Parte deste esquecimento das malfeitorias e iniquidades praticadas por Napoleão poderá ser explicado pelo exílio em Santa Helena, e, mais exactamente, pelas condições rigorosas que lhe foram impostas pelos “carcereiros”. O próprio Napoleão parecia estar consciente disto, quando confidenciou ao conde de Las Cases que “o martírio limpar-me-á a reputação de tirano […] a desgraça era o que me faltava à fama”. É tentador considerar que esta perspectiva, mais do que o medo de ser assassinado por agentes dos Bourbon se deixasse a ilha, explicará o seu desinteresse por planos de evasão e a sua resignação àquele triste exílio: “O meu corpo pertence aos iníquos, mas a minha alma é independente. Estou tão orgulhoso aqui em Santa Helena, como se estivesse no meu trono, a fazer reis e a distribuir coroas”. Teria o cínico, maquiavélico, presunçoso, impaciente e desmedidamente ambicioso Napoleão ganho sabedoria e humildade no seu penoso final de vida num rochedo vulcânico no meio do oceano? Seriam estas reflexões sinceras ou apenas uma forma de encontrar, para si mesmo, uma desculpa para a inércia que foi ganhando terreno à medida que o corpo se arredondava e a auto-disciplina se esfarelava, uma forma de preservar a sua auto-imagem, convertendo uma fraqueza – a lassidão – numa virtude – a aceitação de um martírio?

A verdade é que nas incontáveis páginas de memórias que ditou ao longo de cinco anos e nas não numerosas conversas registadas pela sua entourage, pelos seus carcereiros e pelos visitantes ocasionais, Napoleão expressa uma multitude de ideias contraditórias e tanto considera que “graças à minha desgraça, cada hora que passa leva um pouco da minha pele de tirano”, como afirma que “teria sido melhor para a minha glória se tivesse morrido em Moscovo”. No fundo, talvez estas incongruentes elucubrações mais não sejam do que reflexos do seu incorrigível e avassalador narcisismo. Para Napoleão, o assunto mais importante era sempre Napoleão, fosse qual fosse a situação e o contexto, como uma vez fez ver a um dos elementos da “corte” de Santa Helena, em tom de admoestação: “Haveis pensado que, vindo para aqui, vos tornaríeis meu camarada? Não sou camarada de ninguém […] Tenho de ser o centro”.

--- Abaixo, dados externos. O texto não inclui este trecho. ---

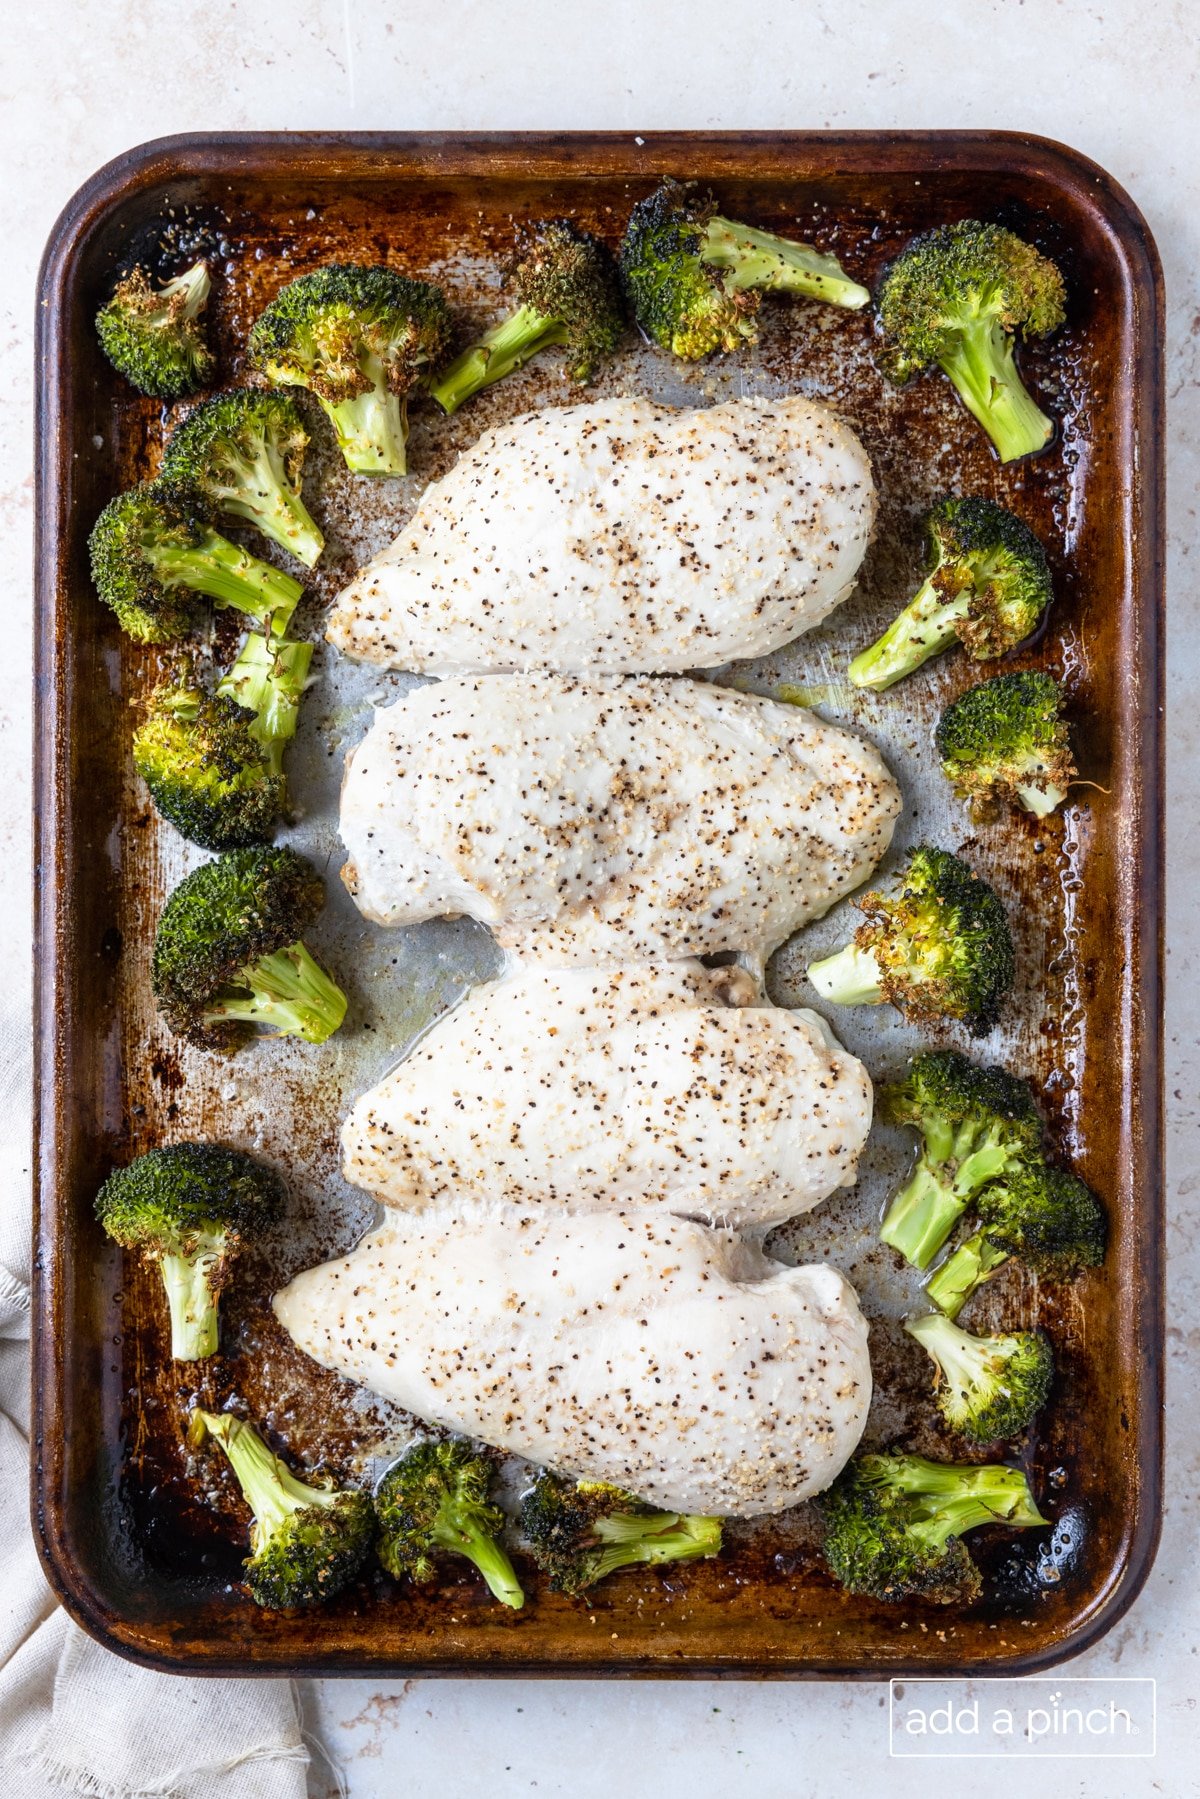 Baked chicken and broccoli ready for the parmesan crust.

Em Paris ou em Moscovo, nas margens do Nilo ou do Berezina, na ilha de Elba ou de Santa Helena, Napoleão nunca cessara de pensar na sua glória e na forma como seria visto pelas gerações vindouras, e, já que o destino não lhe tinha permitido ter o final trágico do herói tombado no campo de batalha ou a despedida serena do imperador sábio e magnânimo que sucumbe em paz, após um longo e próspero reinado, entre os choros dos seus fiéis e inconsoláveis súbditos, ter-se-á conformado em ser “apenas” um santo. Curiosamente, os habitantes de Santa Helena designam-se a si mesmos por “saints” e, quem não se deixe enredar nos “jogos mentais” a que Napoleão gostava de se entregar, concluirá que essa é a única “santidade” que poderia reclamar.